AM Best has noted that the property reinsurance market remains stable at mid-year 2025, with modest softening appearing at the highest attachment layers, yet the agency expects overall conditions to remain robust through year-end.

The rating agency has suggested that industry capital has also grown rapidly, supported by stronger retained earnings and reduced mark-to-market investment losses.
“Notably, the absence of new start-up reinsurers enabled incumbents to preserve market share without resorting to softer terms,” AM Best said.
The rating agency additionally stated that as of mid-year 2025, the property reinsurance market remains stable with signs of modest softening emerging at the highest layers of attachment.
“Reinsurers have remained diligent on attachment points and terms throughout the rate softening, which is believed to be the main factor driving their continued success,” AM Best added.
With this in mind, AM Best has anticipated that the reinsurance market will continue to thrive throughout 2025.
“While reinvestment yield might marginally decrease, the market should again be able to generate returns on equity by year-end 2025 in the low-to-mid teens. Capital growth could always be dampened by dividends, as well as a highly active hurricane season,” the rating agency said.
Despite this uncertainty regarding the remainder of the 2025 hurricane season, the reinsurance market reportedly remains well-positioned to absorb a reasonable level of losses and still grow capital.
In fact, as per recent estimates from AM Best and Guy Carpenter, global dedicated reinsurance capital is projected to climb to an unprecedented $649 billion in 2025.

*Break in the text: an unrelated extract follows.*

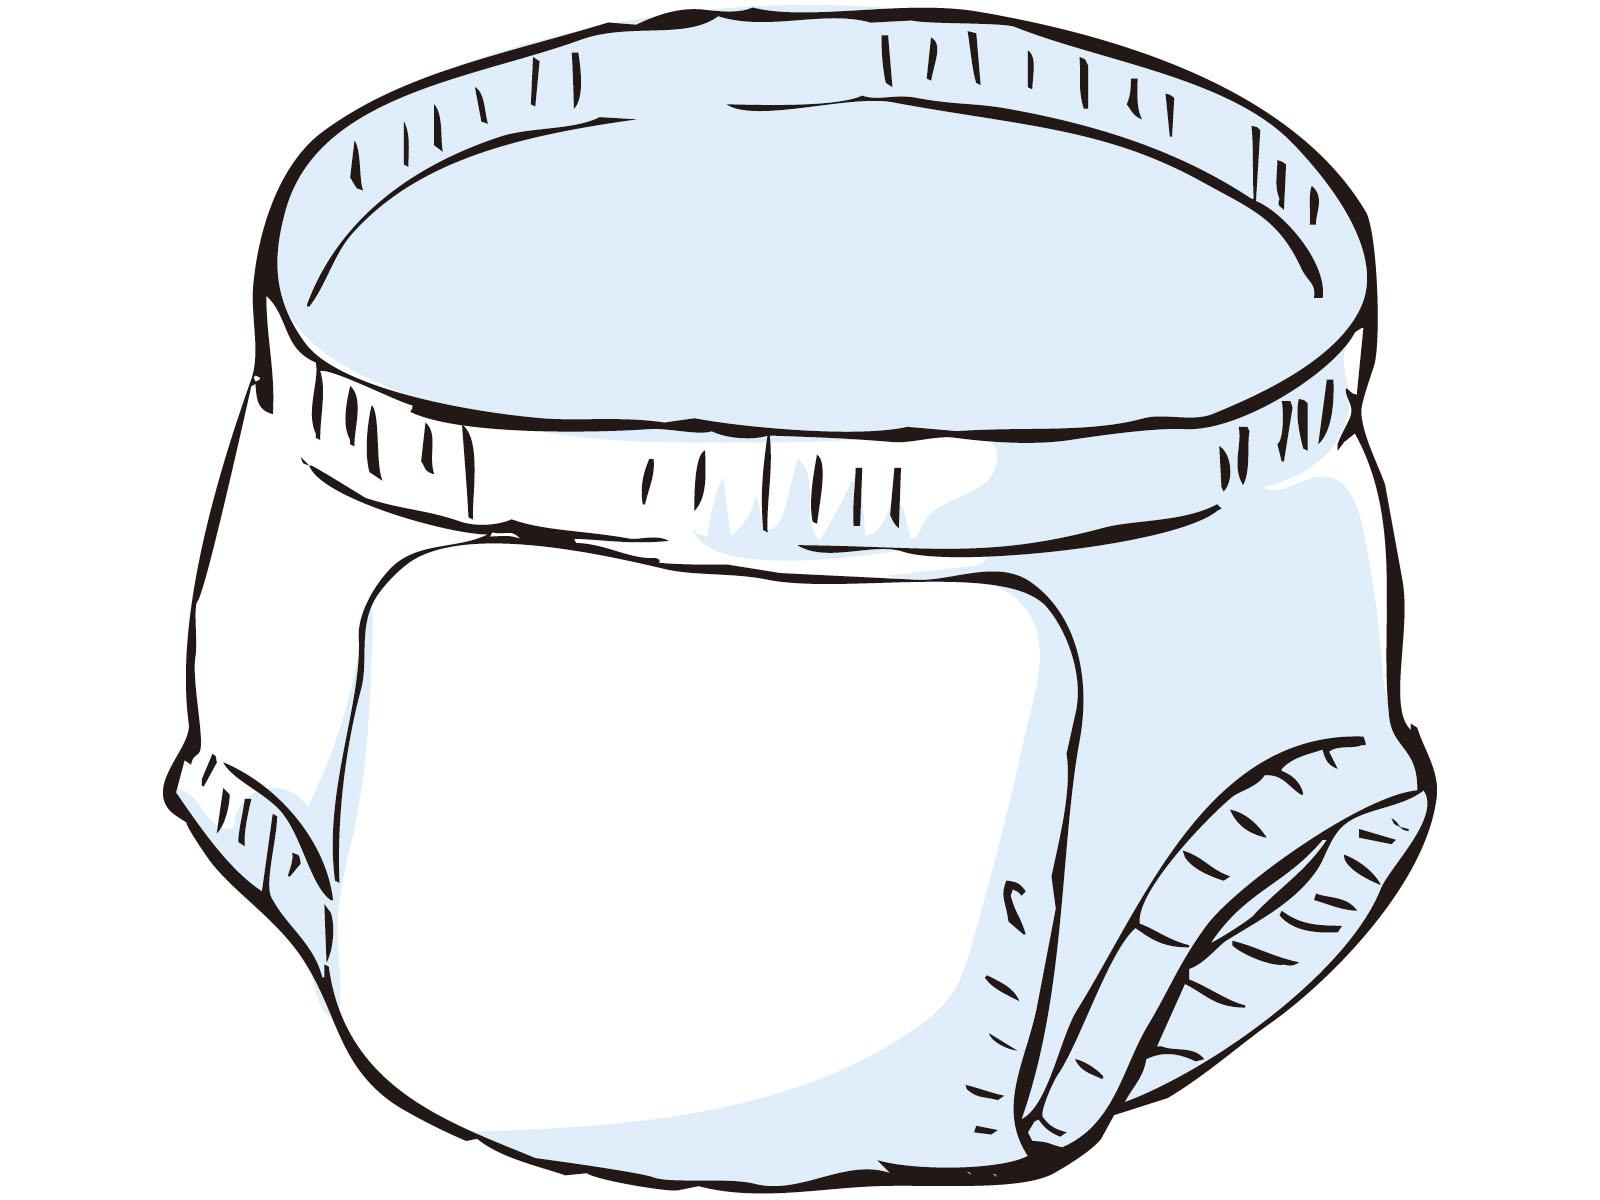 [認知症介護]どの時点でオムツ使用を検討すべきか

The anticipated 2025 figure would surpass the previous peak of $607 billion recorded in 2024 and mark a sharp rebound from the pandemic-era volatility seen in 2020–2022.
AM Best concluded, “As we approach the height of the US hurricane season, which always brings the potential for outsized losses, the results may affect not just the reinsurance market, but also the insurance market as a whole.
“Severe convective storms and large cat events have stressed both cedents and reinsurers over the last year. The market, however, has been resilient despite the impact of the California wildfires eroding cat budgets and creating uncertainties about the loss costs.
“The resilience of reinsurers can be mainly attributed to the accumulation of retained earnings and strong investment yields, which have established solid capital buffers.”